The transplantation of pancreatic islets with their insulin-secreting cells is a promising treatment in type 1 diabetes. However, a complication is that anti-rejection therapy, in the form of a deletion Generalized immune system is necessary to ensure the survival and function of grafted islets by preventing the immune system from attacking grafts.
It is well known that prolonged use of generalized immunosuppression may have serious adverse side effects to the transplant patient. In addition, an immune attack against grafted islets can still occur despite continued immune suppression. As a result, the field of transplantation has sought new ways to ensure the long-term survival and function of transplanted islets with little or no immunodepression.
This new study demonstrates the potential for long-term survival and function of pancreatic islets grafted with short-term anti-rejection therapy at the time of transplantation. In mice and grafted monkeys, this strategy resulted in immune tolerance that allowed the survival of grafted islets long after stopping anti-rejection therapy.
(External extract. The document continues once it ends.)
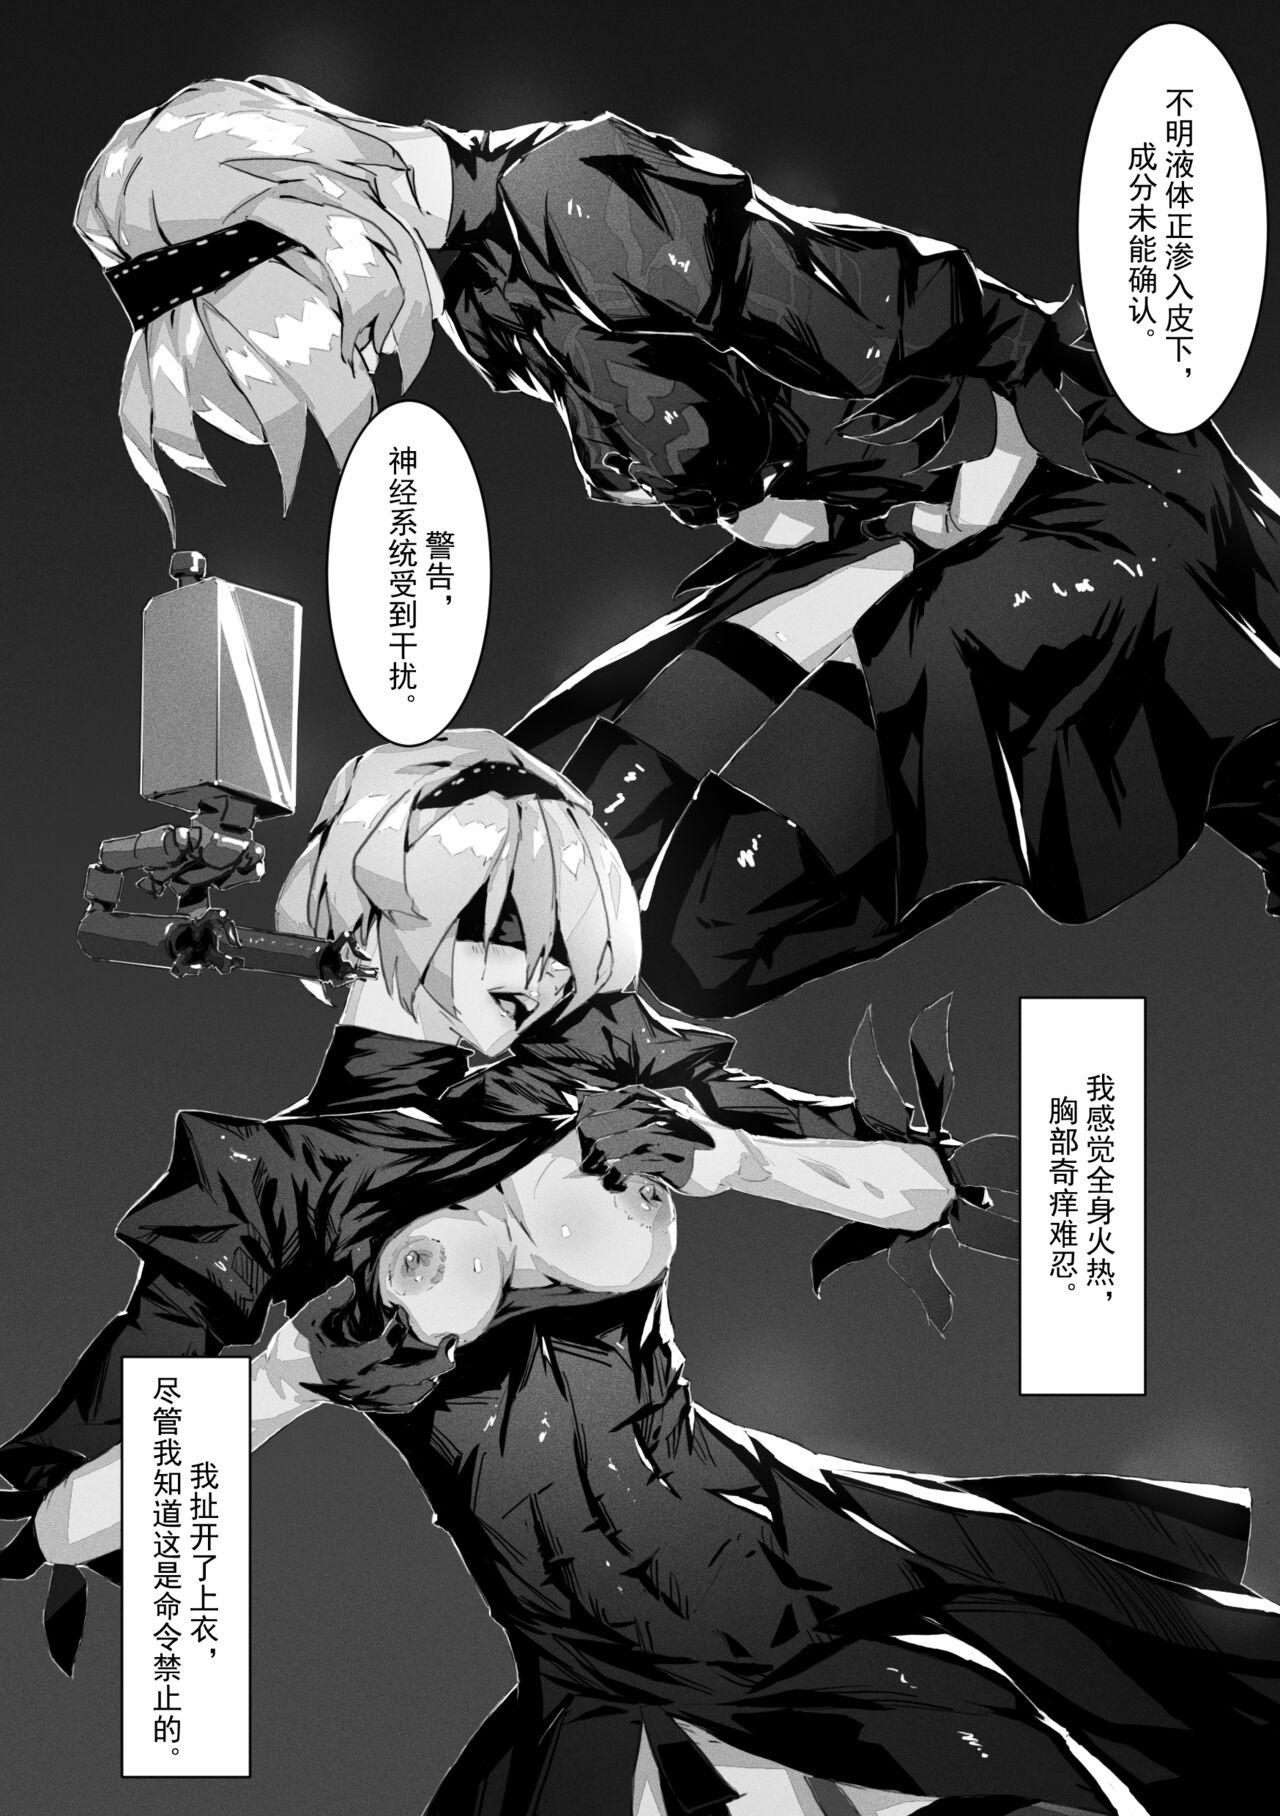  2B In Trouble Part 1-6 - Nier automata Real Amature Porn - Page 8

"These results support the establishment of immune tolerance to transplanted islets, and thus their long-term protection against immune attack in transplant patients after discontinuation of anti-cancer treatment." -reject, "said Dr. Midhat H Abdulreda, first author of Diabetes. Research Institute.
This new way of achieving immune tolerance could minimize the need for lifelong immune suppression, which gives hope for effective treatment of type 1 diabetes with fewer side effects.
"If these results are repeated in humans, this approach could change the game and have a positive impact on the success of islet transplantation for the future treatment of type 1 diabetes," says Prof. Per -Olof Berggren, lead author of the Rolf Luft Research Center. Diabetes and endocrinology at the Karolinska Institute.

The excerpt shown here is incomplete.